Why you should care about increasing secrecy in White House and Senate

Inch by inch by inch, the Trump administration is rolling back press access, which means less information for the public. 

And lack of accessibility is only half the problem. Lack of accuracy in official statements is a big issue too.

CNN’s senior White House correspondent Jim Acosta was channeling other reporters on Monday when he threw his hands up in the air and said the administration is “stonewalling.”

The president’s anti-media defenders may support the administration’s approach, but it’s hard to justify the rollback in accountability. It’s not just the White House, either: the State Department and the Pentagon have all but stopped holding on-camera briefings, too.
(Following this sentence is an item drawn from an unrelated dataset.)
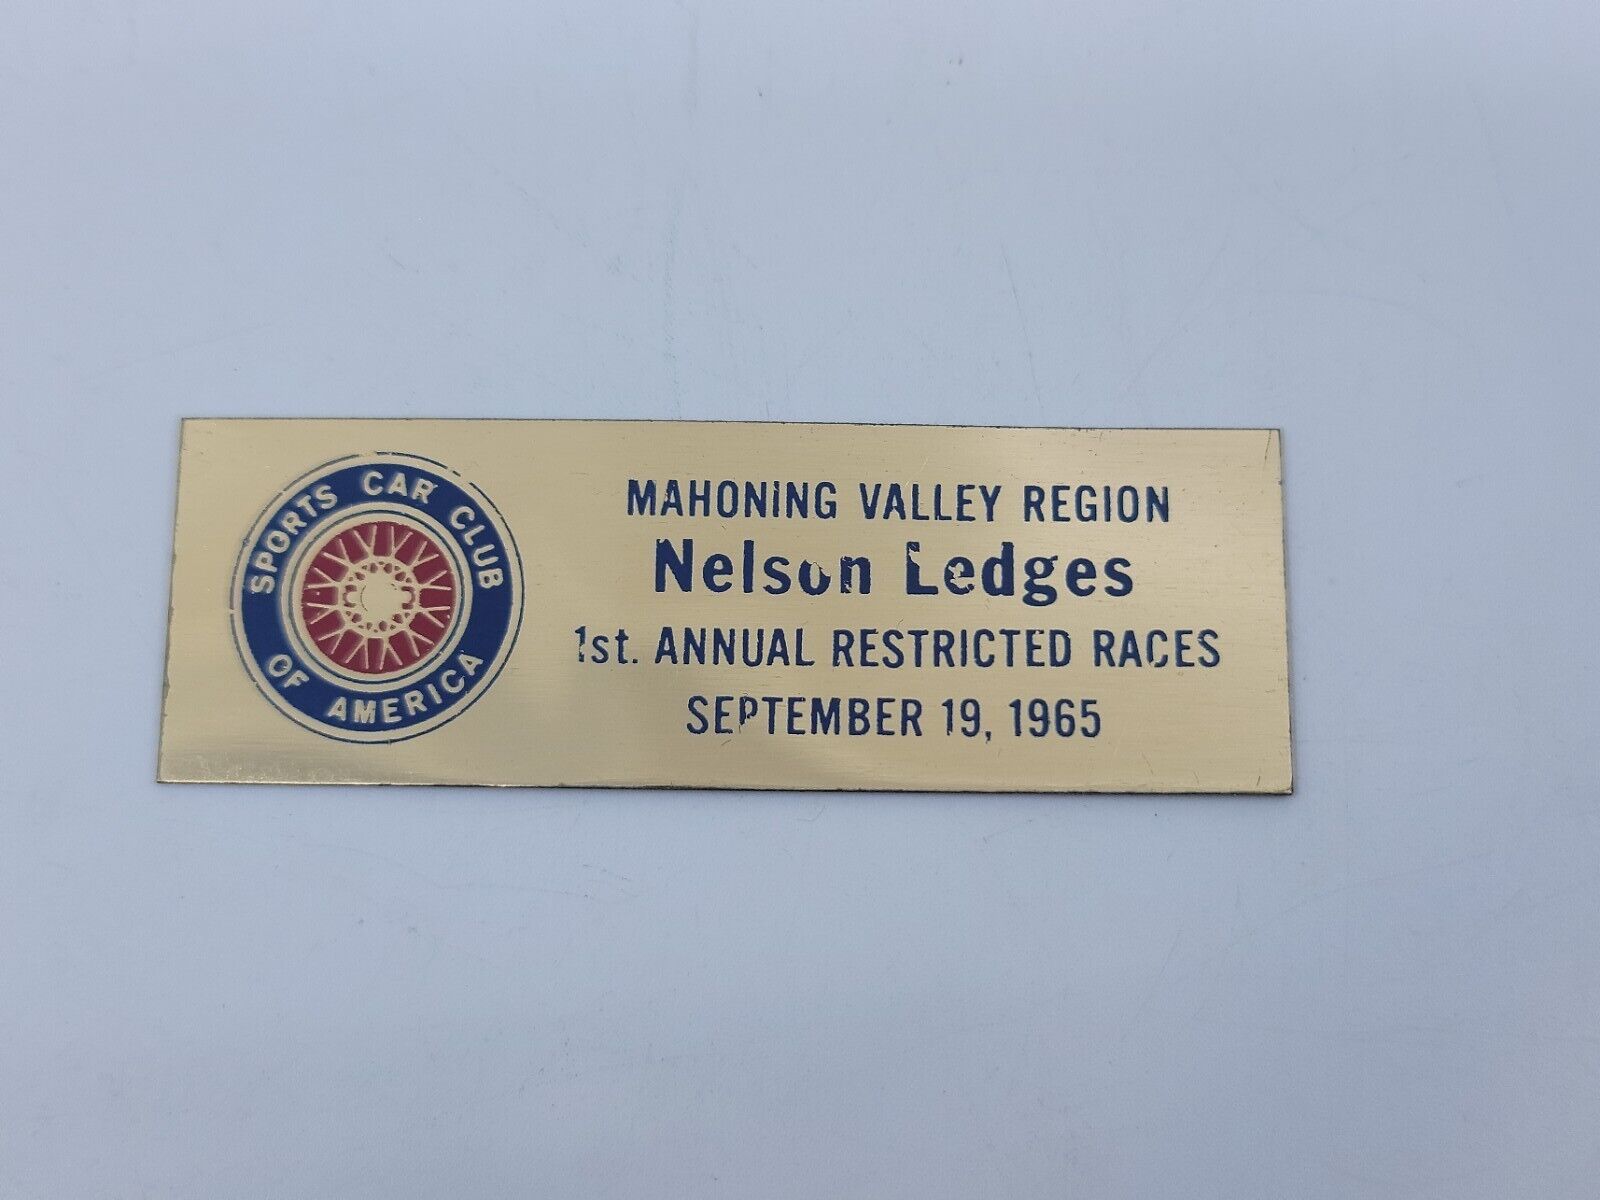 1965 Nelson Ledges Mahoning Valley 1st Restricted Races Dash Emblem Plaque SCCA

Ask yourself: do you want to know more or less about what Trump, his aides and his allies are doing? If you’re a Trump supporter and you’re OK with his secrecy, how would you feel if this were a Democratic administration?

“This isn’t about us” as journalists, “it’s about public’s right to get answers from the government,” Julie Pace, the Washington bureau chief for the AP, tweeted Monday night.
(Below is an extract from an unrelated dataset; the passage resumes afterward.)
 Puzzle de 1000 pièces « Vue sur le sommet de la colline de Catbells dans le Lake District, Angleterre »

This isn’t exclusive to the executive branch. There are heightened concerns about legislative branch secrecy as well.

Republican leaders are crafting the Senate version of a bill to replace Obamacare behind closed doors, essentially preventing the press from informing the public about what’s in a law that would affect tens of millions of people and a major segment of the economy until the last minute before a vote.

“I have covered every major health bill in Congress since 1986. Have NEVER seen anything like this,” Julie Rovner, the chief Washington correspondent for Kaiser Health News, said last week.

Back at the White House, briefings are getting shorter and taking place less often. Now there are reports that press secretary Sean Spicer will eventually leave the podium, but there’s no word on who will replace him.

If you feel like you haven’t seen Spicer in a while, that’s because most of this month’s briefings have taken place off-camera. While past administrations have sometimes held similar off-camera sessions, Trump’s press shop has been doing it more often.

Earlier this month the White House took another step backward and forbid TV and radio networks from broadcasting the audio from off-camera briefings.

The upshot? Spicer’s dodges, gaffes, and non-answers are not heard by the public.

On Tuesday, Spicer will be holding an on-camera briefing — his first in eight days.

“It just feels like we’re slowly but surely being dragged into what is a new normal in this country, where the president of the U.S. is allowed to insulate himself from answering hard questions,” Acosta said Monday.

Many of the press shop’s answers aren’t really answers at all. Transcripts of recent briefings show dozens of “I don’t know’s” and “I’ll get back to you’s.”

Again, this isn’t unique to the Trump administration, but it’s much more pronounced nowadays.

On Monday Spicer said he still didn’t have answers to some of the questions that journalists have been asking for weeks, like “does the president believe in manmade climate change?” and “is he secretly recording conversations in the Oval Office?”

Spicer pushed off the tapes question, saying the president would “probably” answer it “by the end of this week.”

While the president frequently opines via Twitter, he rarely fields questions from journalists.

His last national interview was more than five weeks ago, shortly after he fired FBI director James Comey. He usually declines to answer when reporters shout questions during photo ops.

By almost every measure, the Trump White House has reduced transparency about the workings of government. Trump reversed the Obama administration’s policy of releasing White House visitor logs, for example.

The rollback is even visible on the main White House web site, which contains a lot less information than it did during the Obama years.

Obama’s press shop had its own shortcomings, as did the Bush White House before it. But instead of one-upping their predecessors by offering more transparency, opening the door more widely, the Trump White House has been closing the door.